● **WHAT IS NEEDED**
Please copy the listing that follows exactly, leaving out any pictures.

● **DATA BELOW**
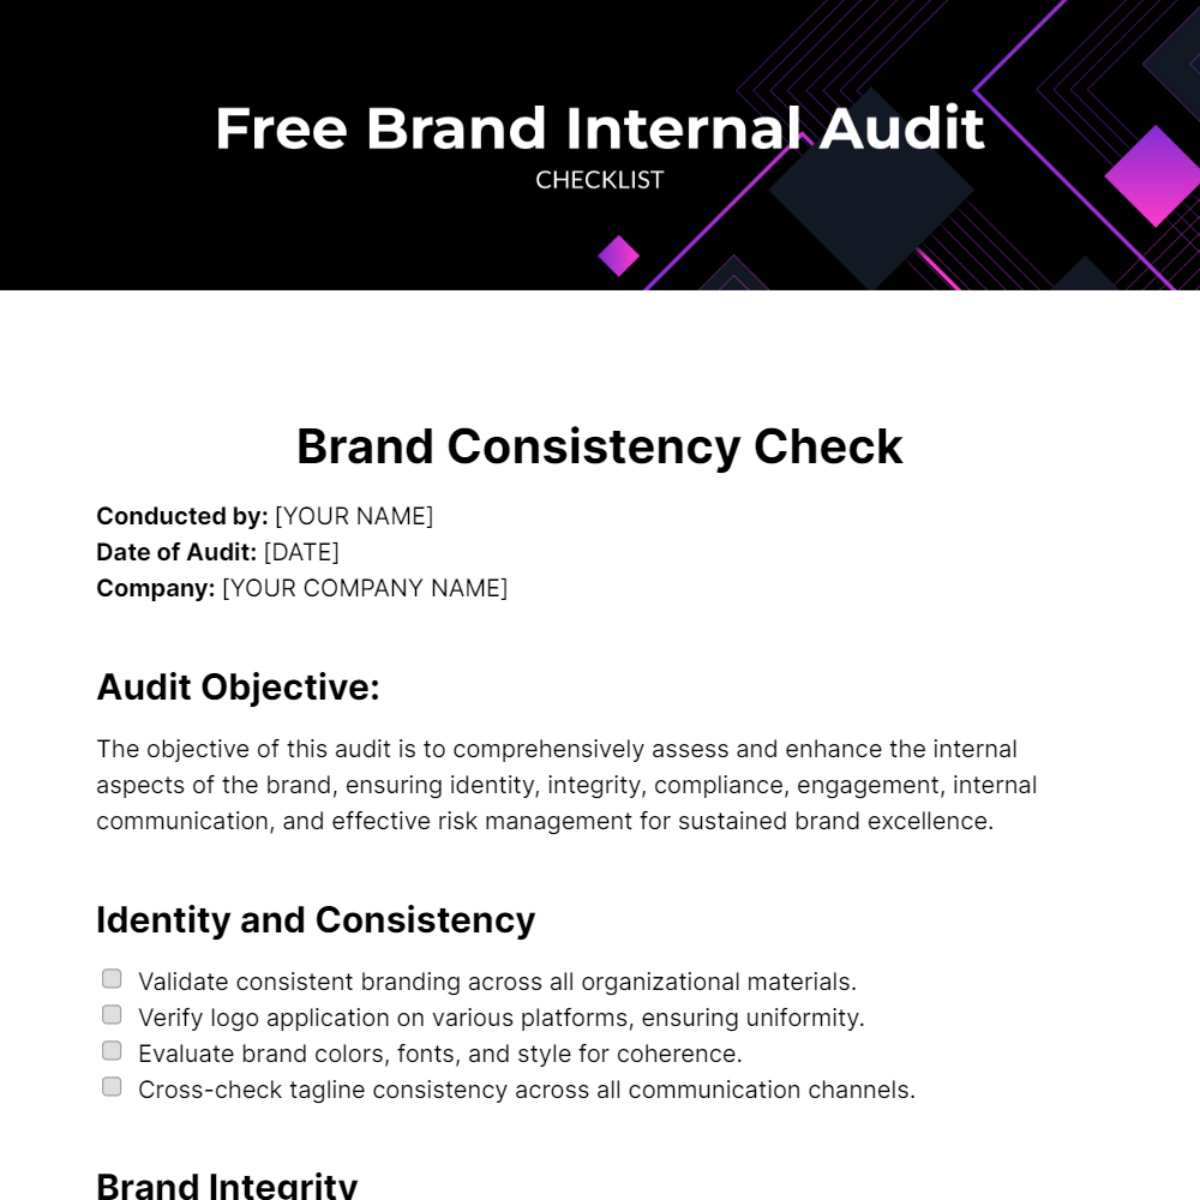 Free Brand Internal Audit Checklist Template
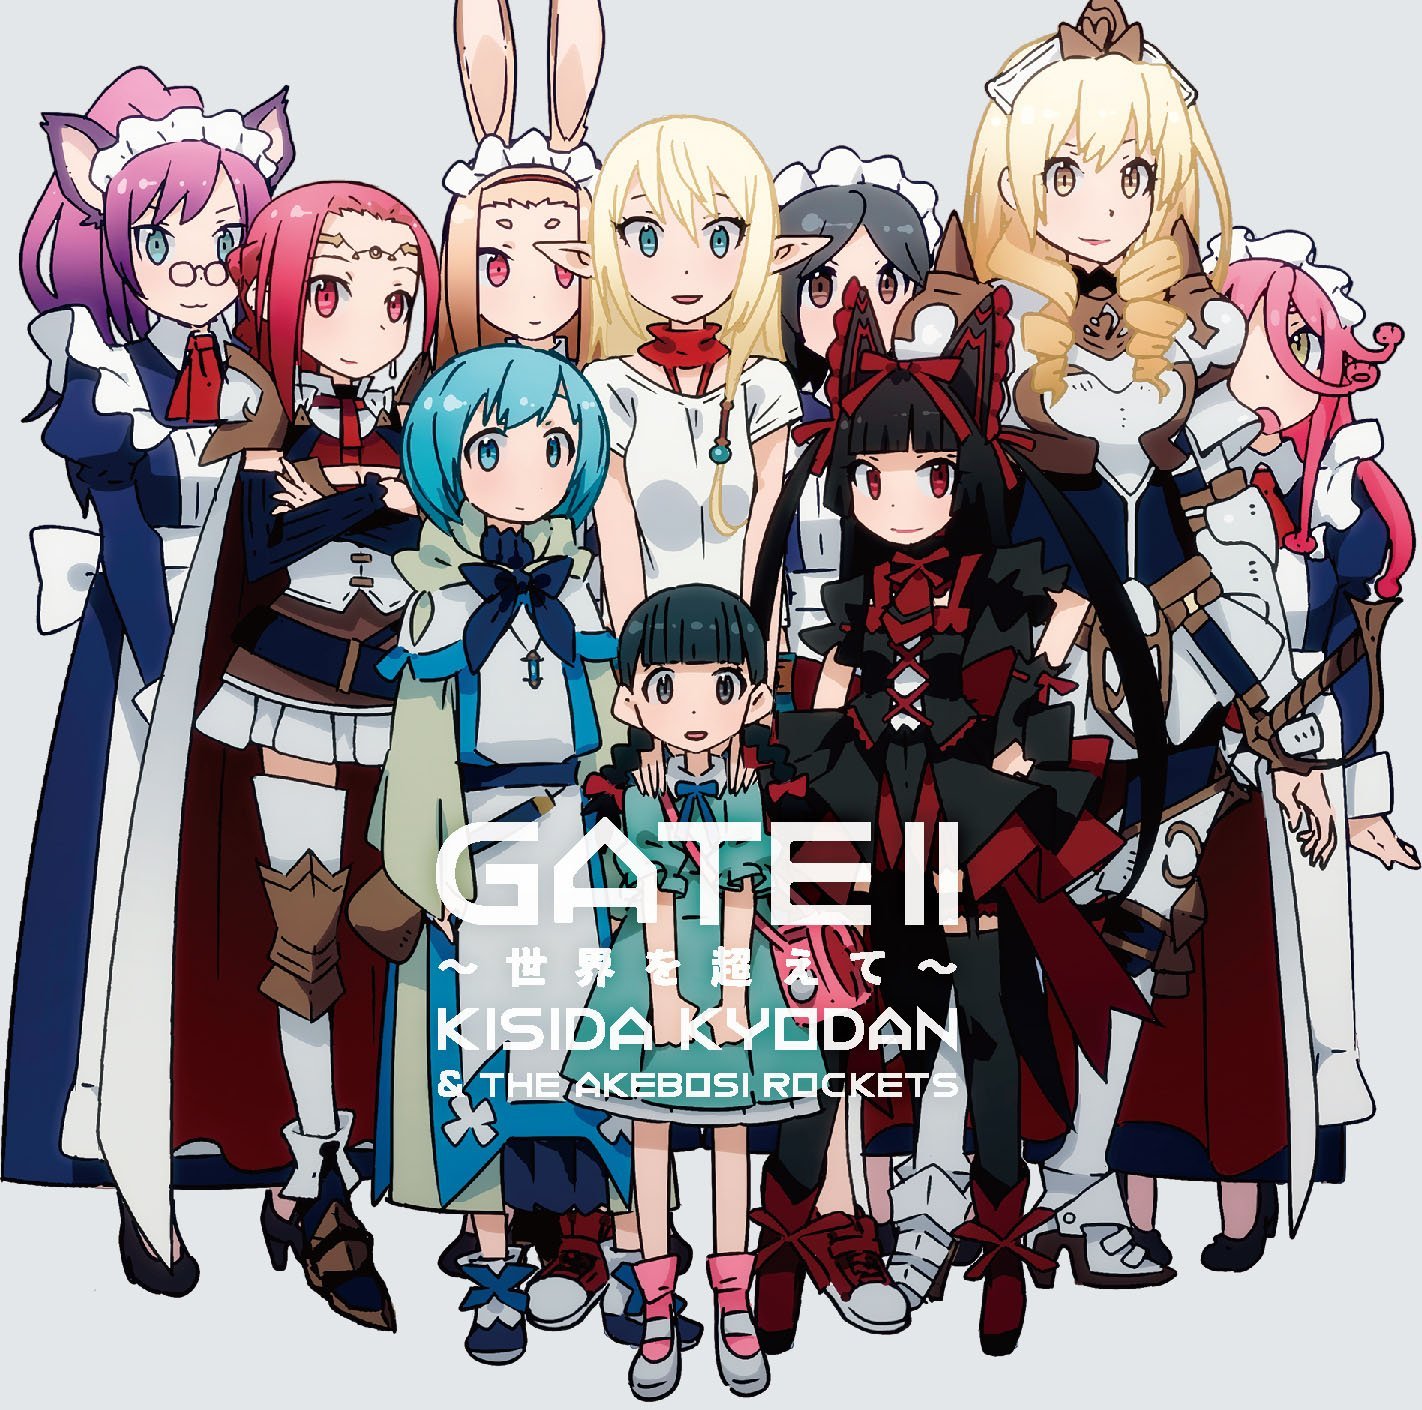 Gate (Anime) : Rory Mercury by Texhnolized on DeviantArt
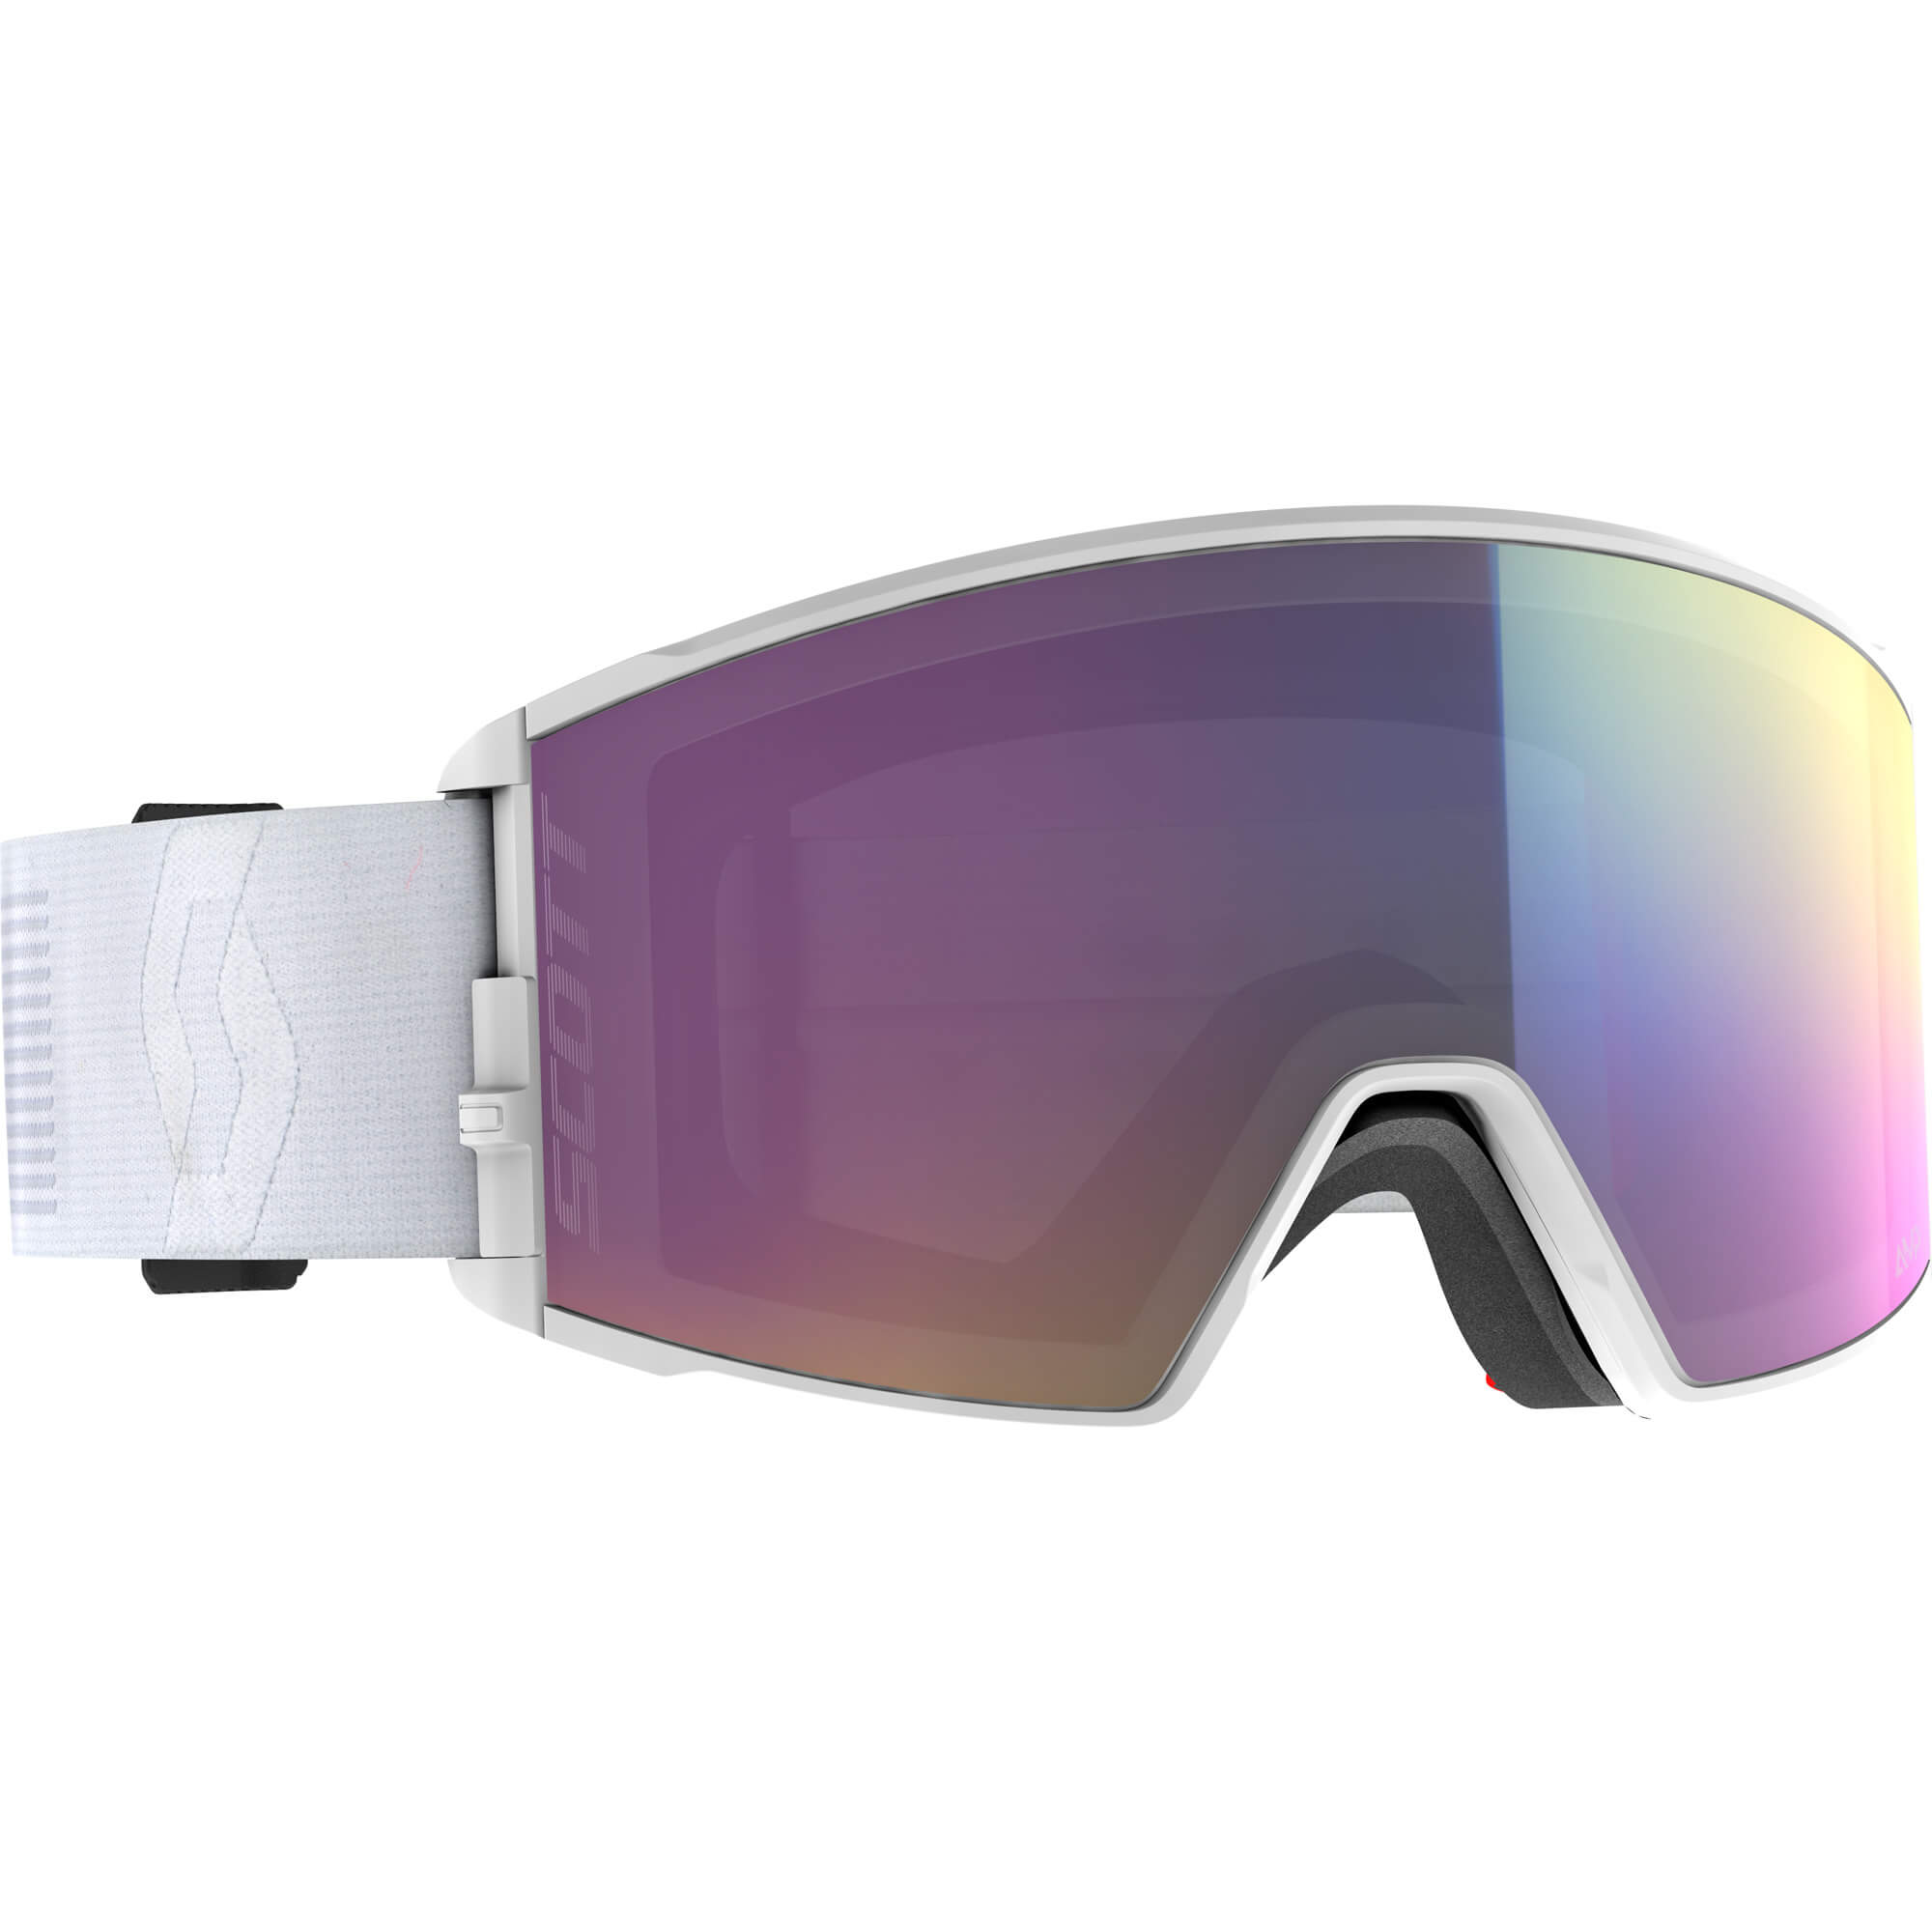 Photos - Ski Goggles Scott React Ski/Snowboard Goggles, Mineral White/Enhancer Teal Chrome 4145

● **EXERCISE SOLUTION**
 Free Brand Internal Audit Checklist Template
 Gate (Anime) : Rory Mercury by Texhnolized on DeviantArt
 Photos - Ski Goggles Scott React Ski/Snowboard Goggles, Mineral White/Enhancer Teal Chrome 4145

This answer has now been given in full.